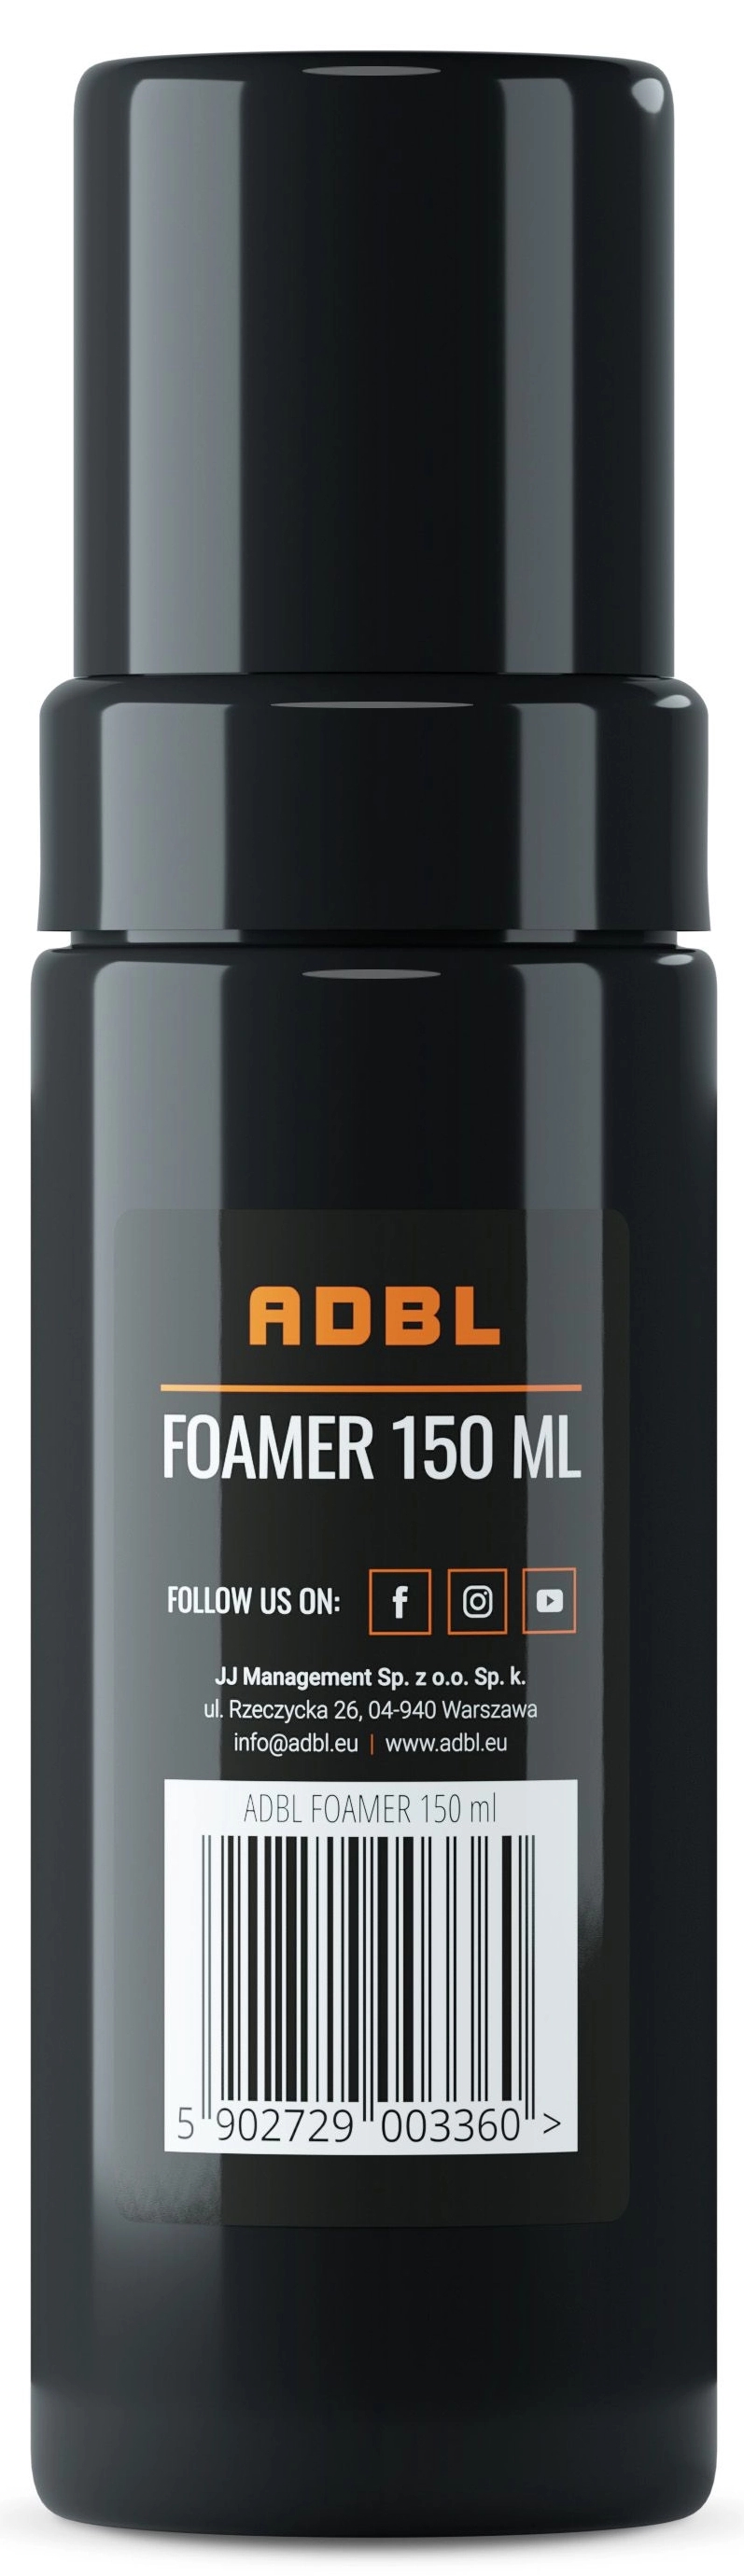 Image of adbl foamer – butelka z dyszą spieniającą 150ml
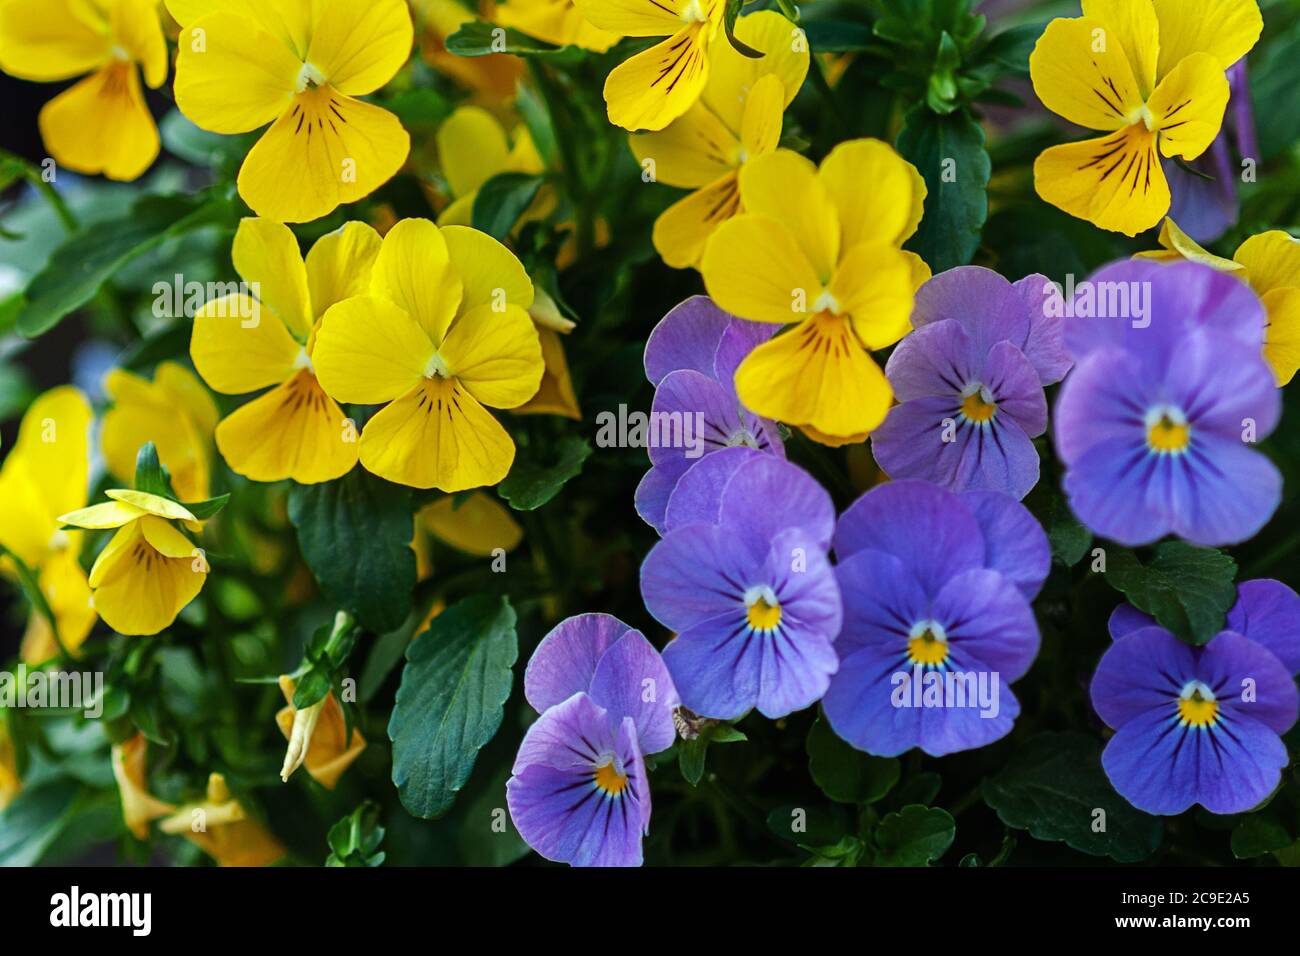 les fleurs de pansy jaune vif et violet se rapprochent Banque D'Images
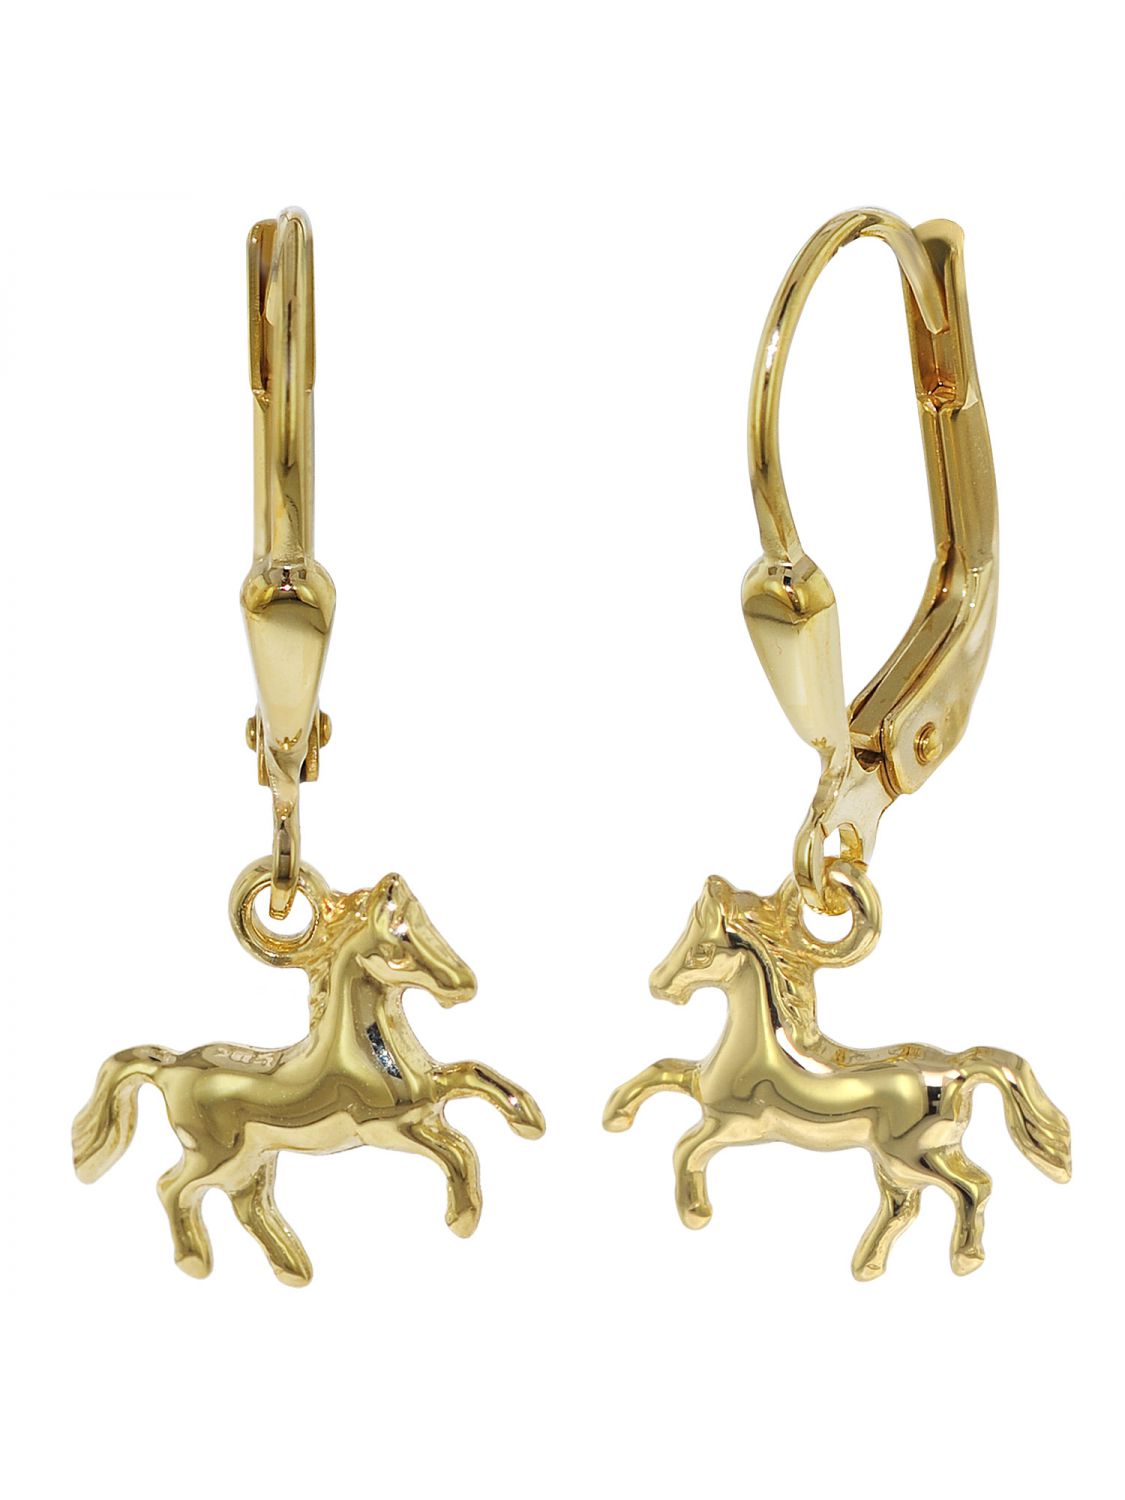 Mädchen Pony Pferde Ohrstecker Kinder Ohrringe Ponys aus Echt Gold 333 8 Kt

◆ ◆ ◆ ◆ ◆

## [Assigned task]
Give back the material above exactly as written, but omit the images.

## [Answer box]
 Image of adbl foamer – butelka z dyszą spieniającą 150ml
 les fleurs de pansy jaune vif et violet se rapprochent Banque D'Images
 Mädchen Pony Pferde Ohrstecker Kinder Ohrringe Ponys aus Echt Gold 333 8 Kt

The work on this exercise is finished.